En l’espèce, contrairement à ce qu’affirme la recourante, la cause concernant la plainte déposée à son encontre par V.________ n’est pas instruite dans le canton de Fribourg mais par le Ministère public du Nord vaudois et les parties ont été confrontées lors d’une audience devant la procureure (PV aud. 4), de sorte que l’argument soulevé à cet égard n’est pas pertinent. Il en va de même s’agissant du fait que les faits reprochés dans les deux procédures n’auraient aucun lien entre eux. En effet, il se justifie, en vertu du seul principe de l’unité de la procédure et conformément à la jurisprudence rappelée ci-dessus (cf. consid. 2.2) de joindre les deux procédures instruites à l’encontre de S.________, quand bien même la nature des infractions est différente, afin que tous faits reprochés à la recourante, s’ils s’avèrent en définitive établis, soient jugés conjointement. Il existe au demeurant en l’occurrence une raison objective à la jonction des deux causes. En effet, selon les éléments ressortant des deux enquêtes en cours, confirmés sur ce point par les déclarations de S.________, les infractions auraient toutes été commises alors que l’intéressée était sous l’influence de l’alcool (PV aud. 2 p. 7 dans l’affaire PE[...] et PV aud. 1 p. 3 dans l’affaire PE[...]). Or, la problématique d’alcoolisation présente dans les deux affaires – et qui paraît ancrée depuis de nombreuses années puisque la recourante a admis qu’elle faisait l’objet d’une interdiction générale d’utiliser son permis de conduire en raison d’un accident de la circulation routière qu’elle avait provoqué plusieurs années auparavant alors qu’elle était sous l’emprise de l’alcool (PV aud. 1 p. 3 dans l’affaire PE[...]) – doit être prise en compte dans sa globalité, dans la mesure où le prononcé d’une mesure à cet égard pourrait être envisagé si les faits reprochés à S.________ s’avèrent établis au terme de l’instruction.

Partant, c’est à juste titre que le Ministère public a retenu que le principe de l’unité de la procédure commandait la jonction des deux causes.

3.

Il résulte de ce qui précède que le recours, manifestement mal fondé, doit être rejeté et l’ordonnance du 15 septembre 2022 confirmée.

Les frais de la procédure de recours, constitués du seul émolument d’arrêt, par 660 fr. (art. 20 al. 1 TFIP [tarif des frais de procédure et indemnités en matière pénale du 28 septembre 2010; BLV 312.03.1]), seront mis à la charge de la recourante, qui succombe (art.

428.

al. 1 CPP).

Par ces motifs, la Chambre des recours pénale prononce:

Par ces motifs, la Chambre des recours pénale prononce:

I. Le recours est rejeté. II. L’ordonnance du 15 septembre 2022 est confirmée.

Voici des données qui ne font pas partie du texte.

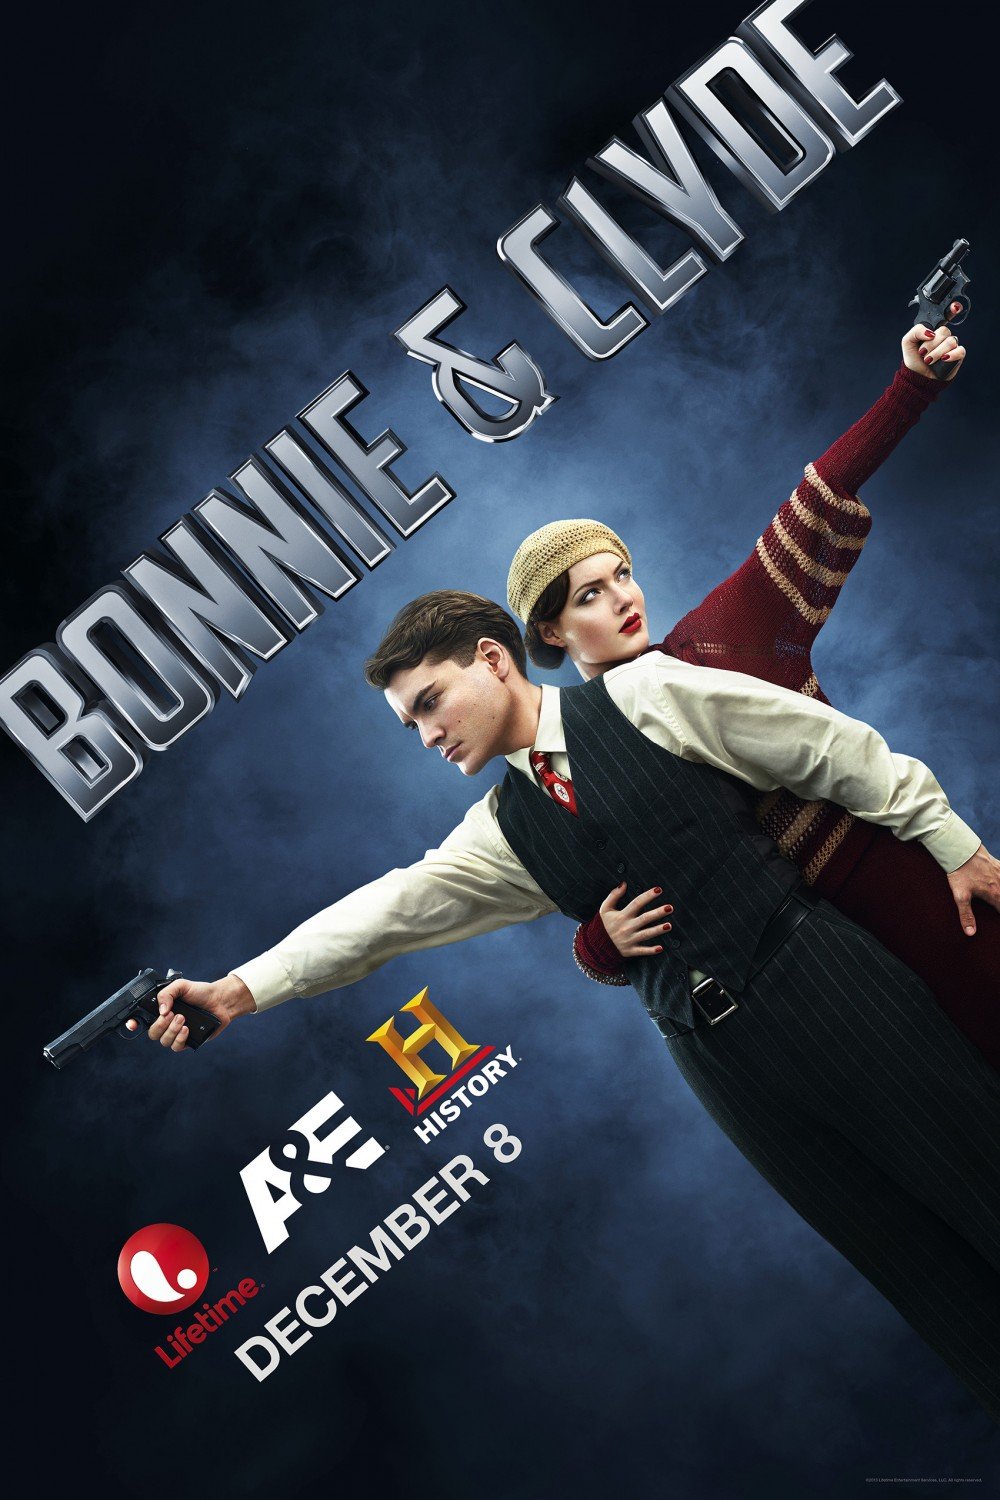 Poster of the movie Bonnie & Clyde
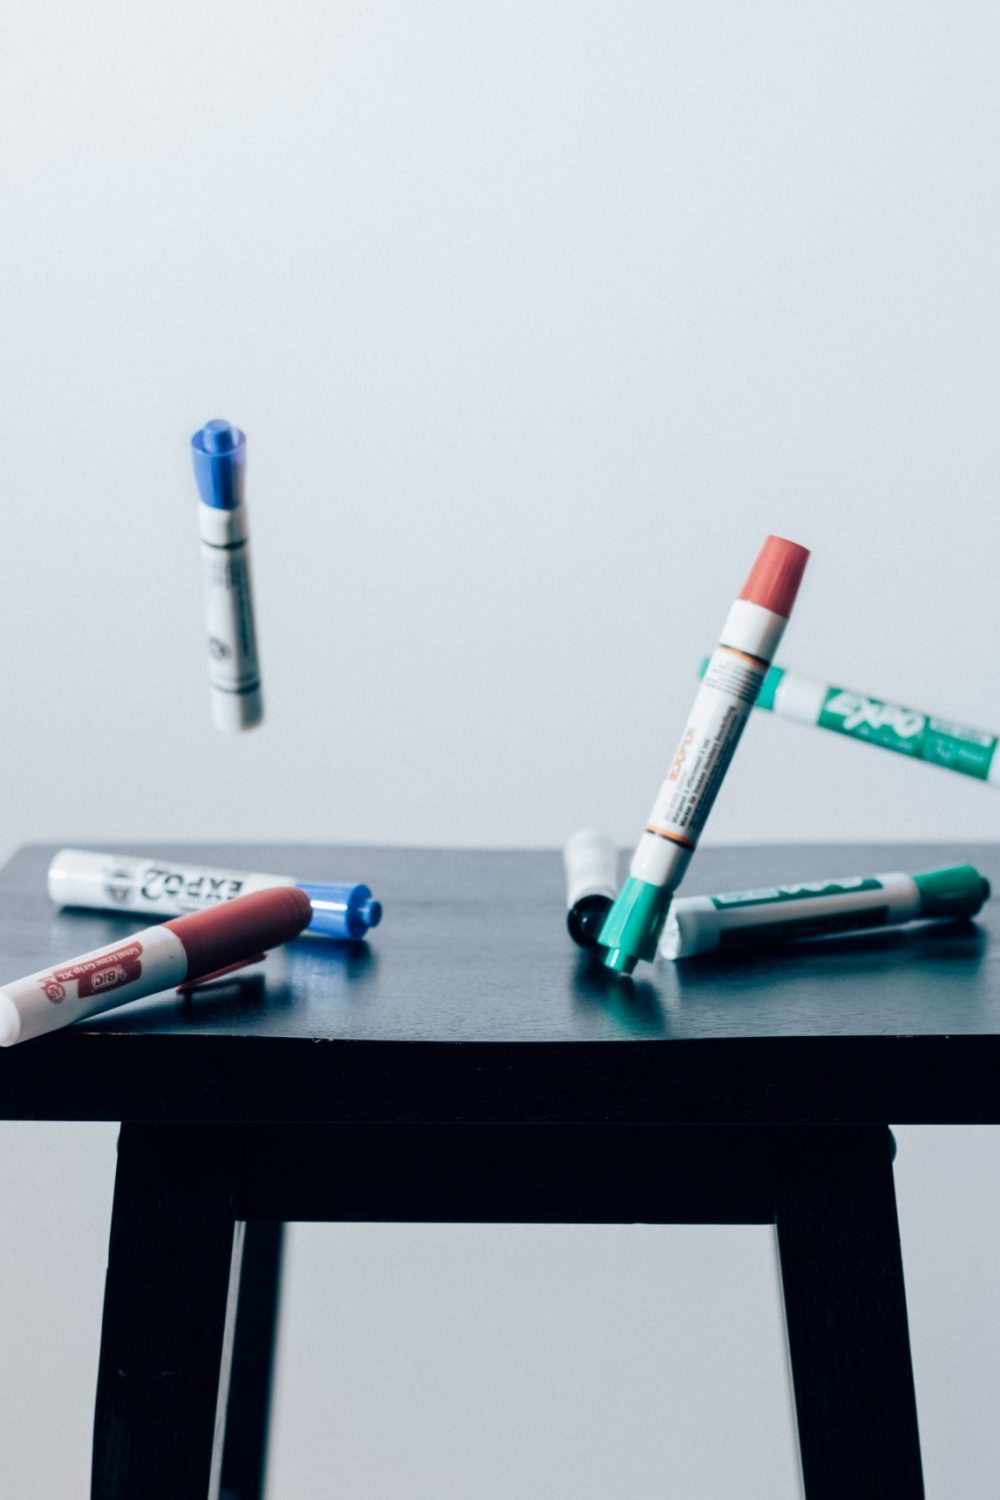 Floating dry erase markers

III. Les frais de la procédure, par 660 fr. (six cent soixante francs), sont mis à la charge de la recourante. IV. L’arrêt est exécutoire.

La présidente: La greffière:

Du

Le présent arrêt, dont la rédaction a été approuvée à huis clos, est notifié, par l'envoi d'une copie complète, à: - Me David Papaux, avocat, (pour S.________), - Me Krishna Müller, avocat (pour V.________, - Ministère public central,

et communiqué à: - Mme la Procureure de l’arrondissement du Nord vaudois,

par l’envoi de photocopies.

Le présent arrêt peut faire l'objet d'un recours en matière pénale devant le Tribunal fédéral au sens des art. 78 ss LTF (loi du 17 juin 2005 sur le Tribunal fédéral; RS 173.110). Ce recours doit être déposé devant le Tribunal fédéral dans les trente jours qui suivent la notification de l'expédition complète (art. 100 al. 1 LTF).